Red Meat and Diabetes Part 1: Is it science? Is it ethical?

The crisis - 1

Nov 11, 2023

There is no evidence — no prior experimental observations or inherent biochemical reason — that would make you think that red meat constitutes a significant risk for type 2 diabetes. Type 2 is a disease of the glucose-insulin axis. It may play out as disruptions of lipid metabolism or other metabolic effects but there is no suggestion that red meat is a major factor. The recent publication on “Red meat intake and risk of type 2 diabetes in a prospective cohort study of United States females and males” (Gu, et al. [1]) is another epidemiological study with no clear scientific rationale and minimal associations. Contradictory evidence was not cited. The media — Forbes, The New York Times, everybody — acted as if it were the smoking gun they’ve been waiting for. It did receive some criticism. Nina Teicholz and Zoë Harcombe have provided exhaustive and very informative analysis of just how bad it was. I am adding here my own objections.

Demonstrating a significant role for red meat in diabetes would require extensive evidence but, in fact, the statistics are weak and are presented in a misleading fashion. My analysis below shows, in fact, virtually no reliable association. Most important, the paper does not address published contradictory evidence indicating an inverse relation between the consumption of red meat and the incidence of diabetes — less red meat, more diabetes. I remember. It was almost ten years ago that I presented that evidence to the authors as a letter to the editor in answer to their previous publication. Letters to the editor in the journal don’t allow figures but my figure was published by me and others over the years.

My previous letter to the editor and the reply.

To the Editor

The recent study by Pan et al [3] contains the disclaimer “Since our study is observational in nature, causality cannot be inferred.” The authors nonetheless infer that their “results add further evidence that limiting red meat consumption over time confers benefits for T2DM prevention.”

Observational studies, however, can imply causality. Bradford Hill [4] provided guidance on when associations might support causation. Hill was clear that his nine rules derive from common sense….Perhaps most telling is Hill’s principle of coherence: “data should not seriously conflict with the generally known facts of the natural history and biology of the disease.” In fact, red meat consumption decreased as T2DM increased during the past 30 years.

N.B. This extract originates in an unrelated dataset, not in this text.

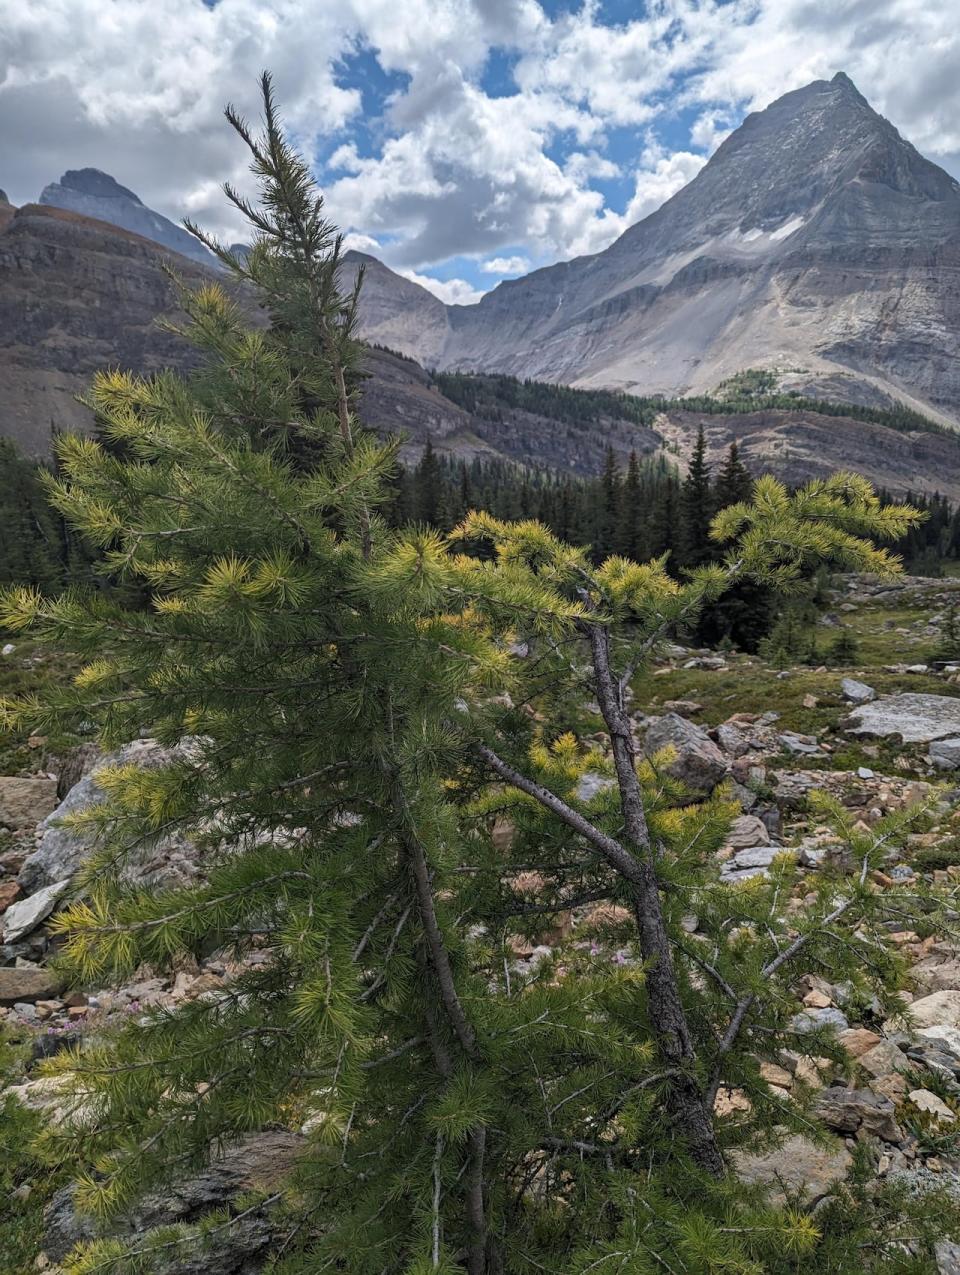 A Calgary biology professor says it's too early to tell if all larches will turn early, or if it's a sign of heat and drought stress in some trees.

The poor association and lack of biological plausibility suggest that the “robust” message from Pan et all is that there is no reason to associate red meat with T2DM.

Richard Feinman, PhD

In Reply

We appreciate Dr Feinman’s comments on our recent publication of changes in red meat consumption and subsequent risk of type 2 diabetes mellitus (T2DM)… “In fact, red meat consumption decreased as T2DM increased during the past 30 years.” However, this ecological relationship cannot be used to argue against the causal relationship between red meat intake and T2DM because many other factors have changed over time. (My emphasis).

An Pan, PhD

Frank B. Hu, MD, PhD

It would be good if the scientific community considered the question: if observational data do not indicate some degree of causality, should it be published? The real question, though, is that scientific practice expects authors to consider contradictory evidence: the figure above shows an association with big changes in the opposite direction.

I don’t know whether the relationship is best categorized as “ecological” but it is unlikely that nutritional epidemiology has a higher standard of reliability than ecology. Ecology is based on real measurements. Oddly, the first line of Gu, et al.: “Type 2 diabetes (T2D) is a major public health concern globally, and both the incidence and prevalence are increasing rapidly.” Data on meat consumption, however, universally indicate decreases in red meat and increases in poultry.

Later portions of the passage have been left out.